We will have a quiet immediate family supper tonight. The only other family member we could have invited is Rob’s mother, but the drive from the Okanagan is long and expensive and we don’t have the budget for flying her up here right now as we don’t know if I will have to head for the States to help out with Dad.

To quickly update on my dad, he had a doctor appointment today. The fluid around his lungs is building and he is very tired and short of breath most of the time with things becoming more critical when he exerts himself. Exertion has come to be any time he must get up and walk, even if it is just a few steps.

He still went to mass yesterday. He tries to save his energy for that one outing a week. Despite everything, Dad is a very spiritual man and takes his religion quite seriously though he has modified his alignment with some of the teachings that don’t line up with what he has observed in real life*.

Rob woke me in the wee hours with reports of our ghosties renewing activities again. I didn’t see what he did or remember echoing the ghost in my sleep by calling out his name, but I have felt the “presence” in the last few days, so I am not surprised. We had similar issues late last November and leading up to the death of Shelley’s mother. I am sure that this new round of bumps in the night are connected to my dad.

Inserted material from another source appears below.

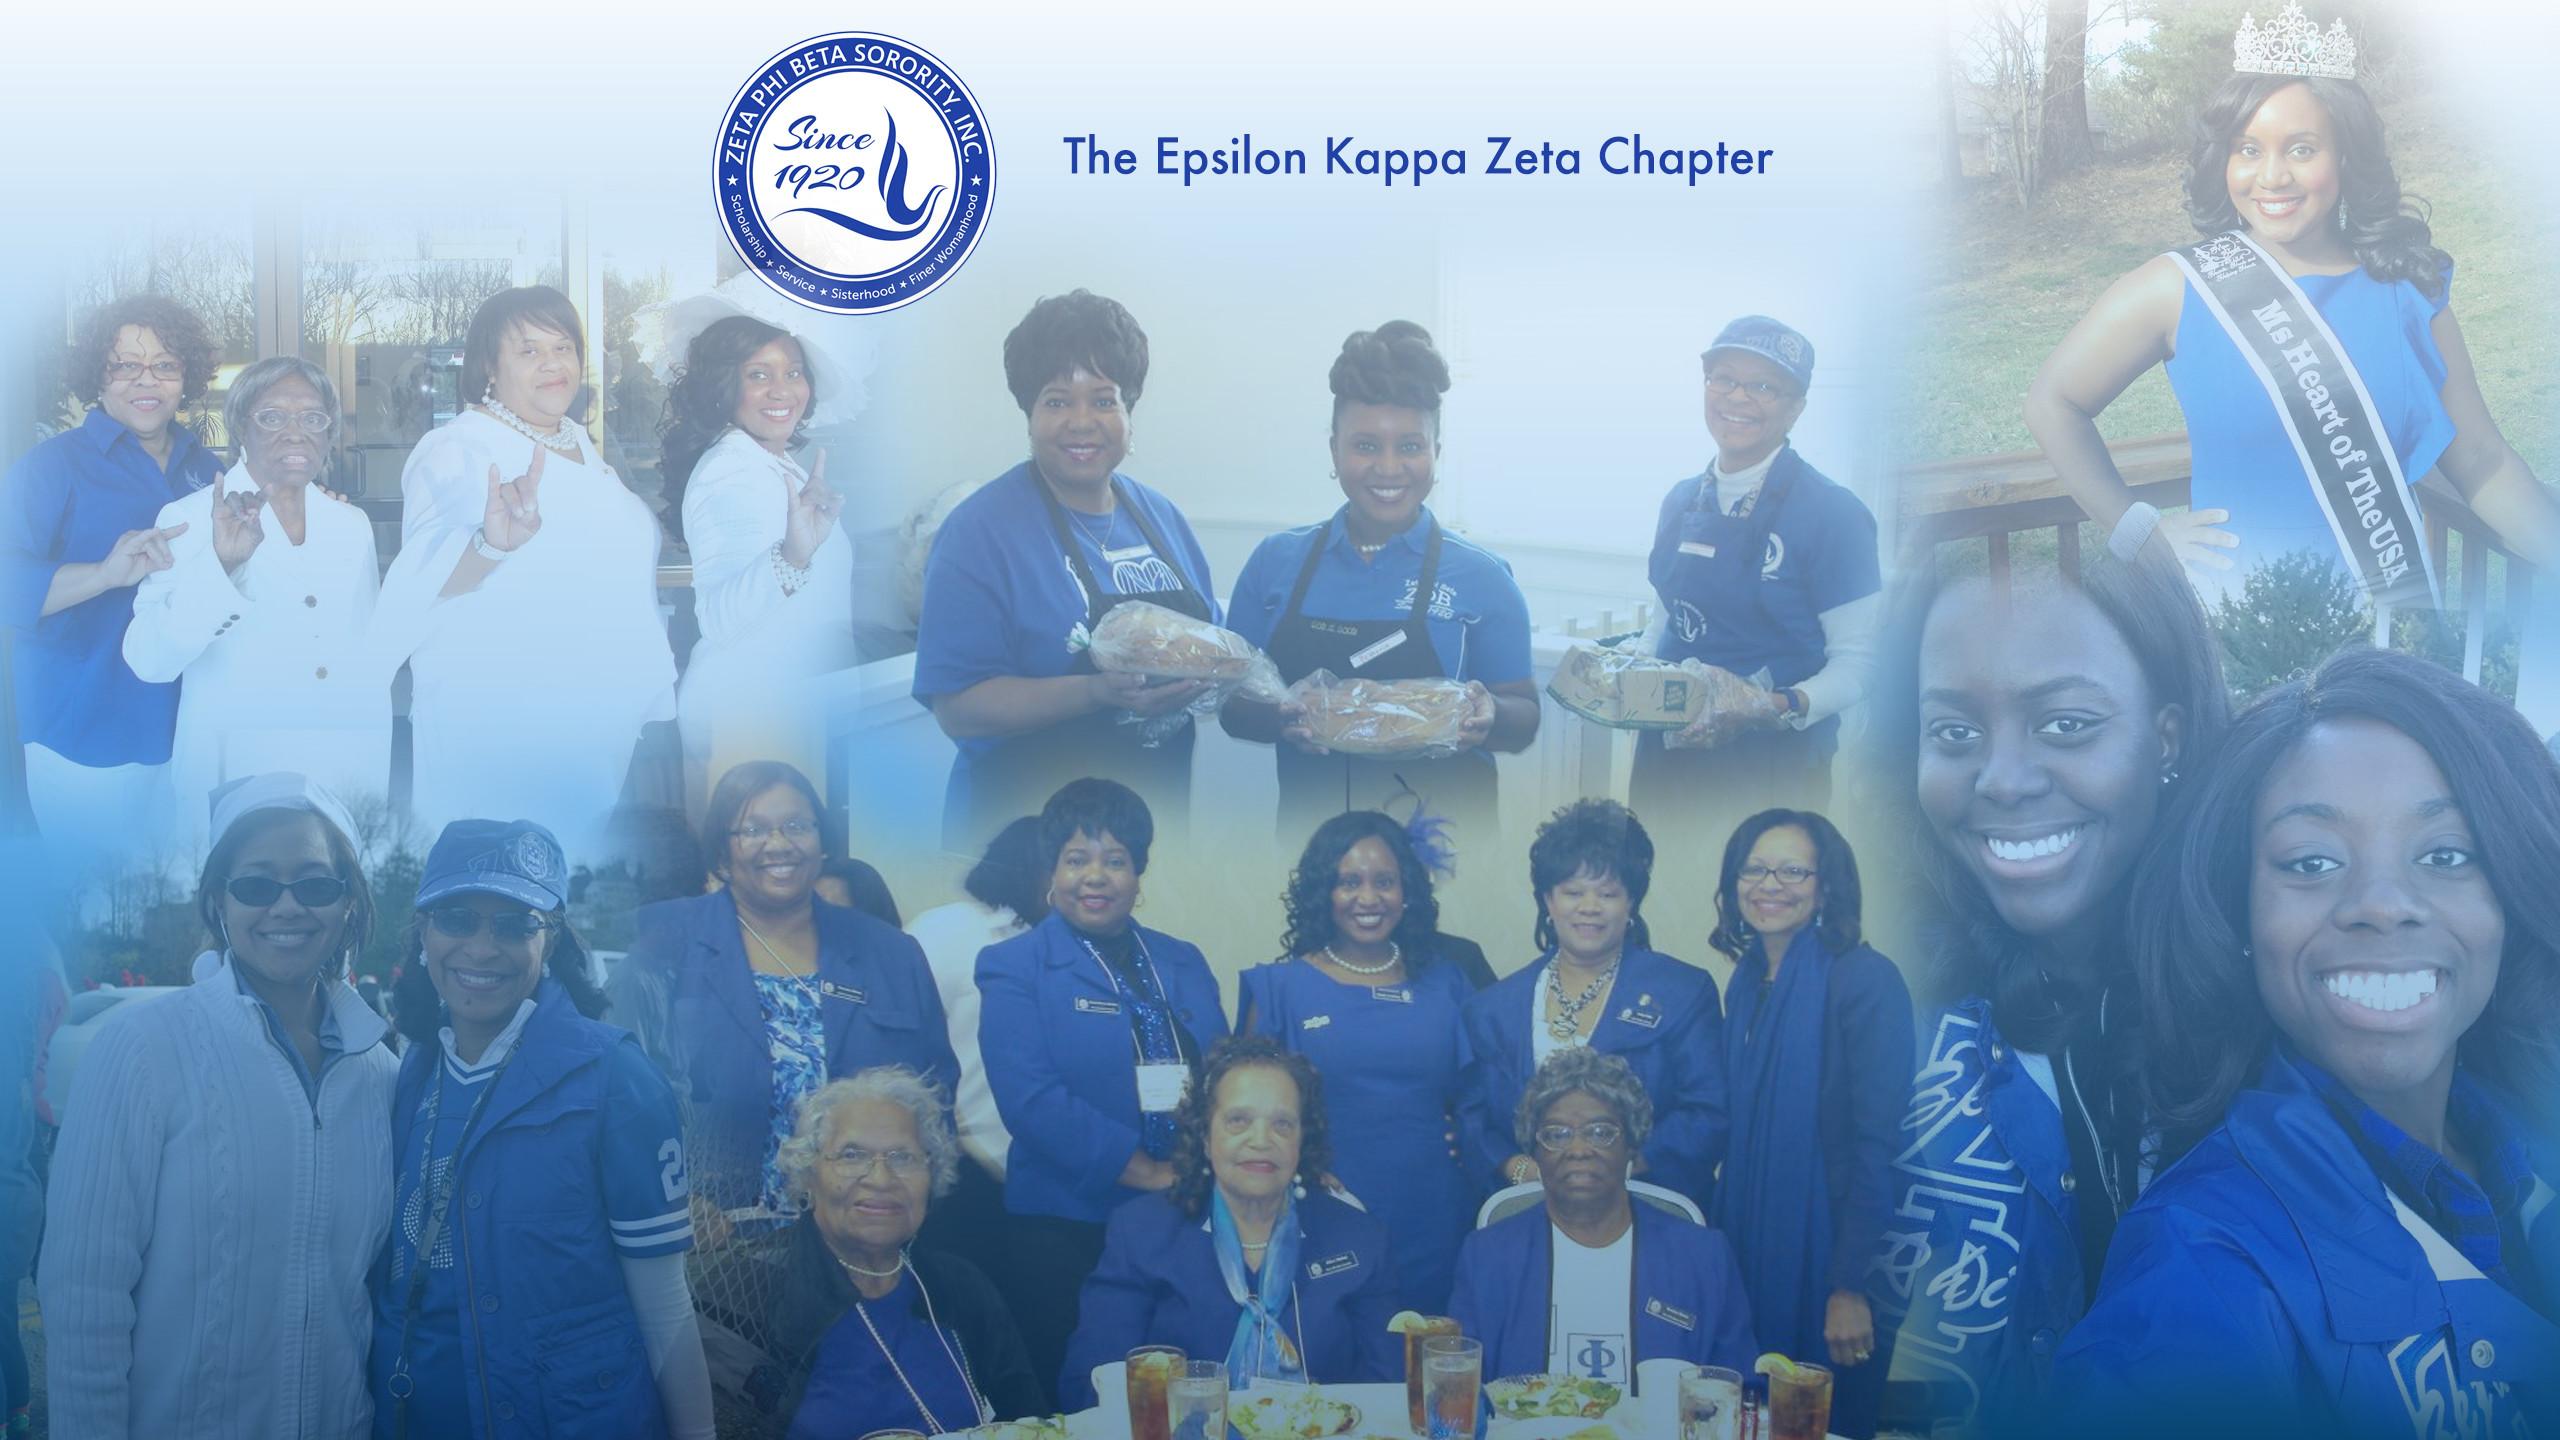 Epsilon Kappa Zeta Chapter of Zeta Phi Beta Sorority Inc. – Scholarship,  Sisterly Love, Service, Finer Womanhood

He reported pain for the first time today. His ribs, which are probably cancerous now, hurt. The fact that he mentioned pain is not a good sign. He has a freakishly high tolerance for pain of the excruciating kind. Pain that would turn the rest of us into wimpering babies. When he suffered from crushed vertebrae (three time in the last two years) he made do with regular Tylenol and a heating pad and rarely reported the pain above a 3 or 4 on the scale. If he is in pain enough to bring it up on his own – as opposed to it being dragged our of him as was typical of the past – it must be intolerable.

He has another doctor appointment next Wednesday to discuss putting in a chest tube to drain the fluid. I can’t be sure but I think the doctors are staggering his appointments and their interventions in the hopes that the cancer will “get him” before anything too invasive has to be done. A chest tube is painful and limits mobility my home health care nurse BFF tells me. I hope he doesn’t have to go there.

My guess, though, is that dad will not make November.

We had talked of visiting over BabyD’s fall break but that is still a month away and if he is still alive, the atmosphere will likely be decidedly death-ish. I am not willing to expose BabyD or Rob to that. And since Dad is still telling me that I don’t need to come (and I really should for mom’s sake – she is suffering terribly and I know too well how awful the whole “widow in waiting” period is), I think he doesn’t want to expose me to what is happening either.**

On a bit happier note, my first pieces at 50 Somethings Mom blog are slated to go up on the 14 and 17th, please try to get over there for a peek and a comment. This is kind of a big time blogging thing for me as I had to sign a writer’s agreement and have a chance to have my pieces picked up for syndication.

Finally, the Hey Sarah Palin video I posted has been driving my views the past couple of days, so I wanted to direct you all to a post over at The Zoo. It’s a clip from a recent Biden rally with an intro from Sen. Clinton. She reminded me again of what women should really aspire for when pursuing a political career. Her fervent belief in the cause and her willingness to campaign for Obama are also are in striking contrast to the Republicans. Where is Huckabee these days? Or that Mormon dude? Apparently the right’s sense of team and supporting held values extends only so far and their pseudo-Klan rallies that pass as campaigning these days says much about their message and what they value.

*For example he views the teaching on IVF as silly in light of his granddaughter’s humble beginnings in a petri-dish. It’s clear to him she is not the anti-Christ and that her existence was clearly meant to be. But, this came to him slowly. He was a giant pain in my ass during my IVF cycle and pregnancy.

**I only play a tough girl on my blog. In reality I am still waiting for the thick skin to grow back.